Notes specific to this skill: NeoFox annotates ~16 published features (it does not rank candidates automatically); PRIME 2.x requires MixMHCpred v3.0+ on PATH; BigMHC has separate -m el and -m im heads. ImmunoBERT is a PRESENTATION model, not an immunogenicity predictor — do not use it here. PRIME2.0 is the Cell Systems 2023 paper (the Cell Reports Medicine 2021 paper is PRIME v1). Re-verify tool versions and the supported-allele lists before scoring.

Immunogenicity Scoring

"Rank my neoantigen candidates by how likely a T cell responds" -> Annotate presentation + recognition features and order candidates within a patient; never assign an absolute immunogenicity verdict.

Python: NeoFox to compute the published feature panel; PRIME / BigMHC -m im for recognition scores
CLI: pVACtools aggregate-report tiering as the auditable, rule-based default ranking

The Single Most Important Modern Insight -- this is the least-solved layer; rank within a patient, never threshold

Binding/presentation is genuinely good (AUROC high-0.9s); immunogenicity is not close.
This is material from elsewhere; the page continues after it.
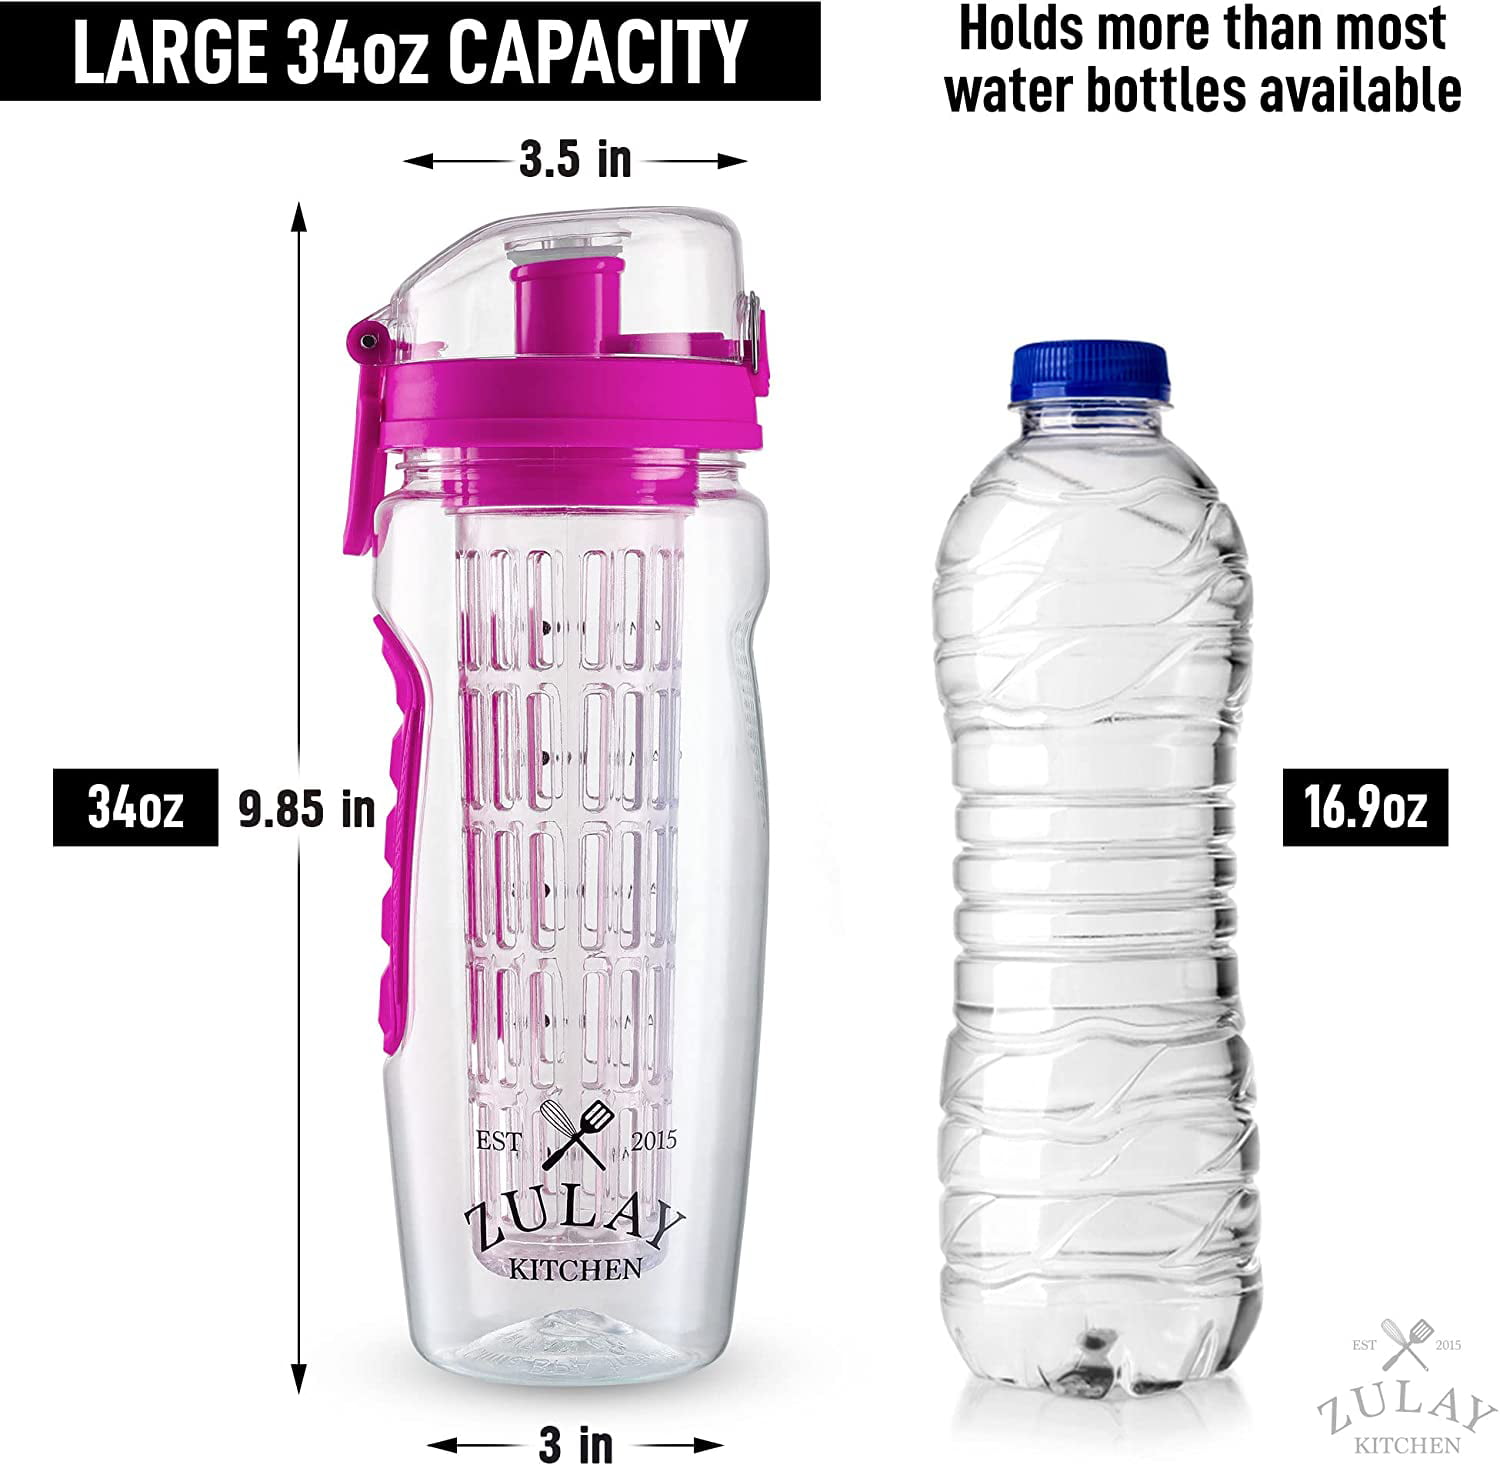 1pc 480ml Fruit Plastic Water Bottle Portable Water Bottles Cute

Predicting whether a displayed peptide provokes a T-cell response requires knowing whether a cognate TCR exists in this patient's repertoire, whether that clone survived thymic negative selection (escaped tolerance), and whether it activates in a suppressive tumor microenvironment — none observable from sequence. Dedicated immunogenicity tools land around AUROC 0.6-0.7 on their own test sets and worse on independent data; in TESLA the dedicated in-silico immunogenicity scores correlated poorly with validated immunogenicity, while presentation strength, binding stability, abundance/expression, agretopicity, and foreignness carried the signal. Two operational rules follow. First, immunogenicity scores are calibrated within a context (a tool, an allele, often a patient's HLA), so they are legitimate for ordering one patient's candidate list and illegitimate for absolute go/no-go or cross-patient/cross-allele comparison. Second, a confident single composite number is a red flag: stacking weak, correlated, IEDB-bias-trained scores into one value launders the bias at higher apparent precision. The honest deliverable is an ordered, feature-annotated shortlist with its uncertainty stated out loud.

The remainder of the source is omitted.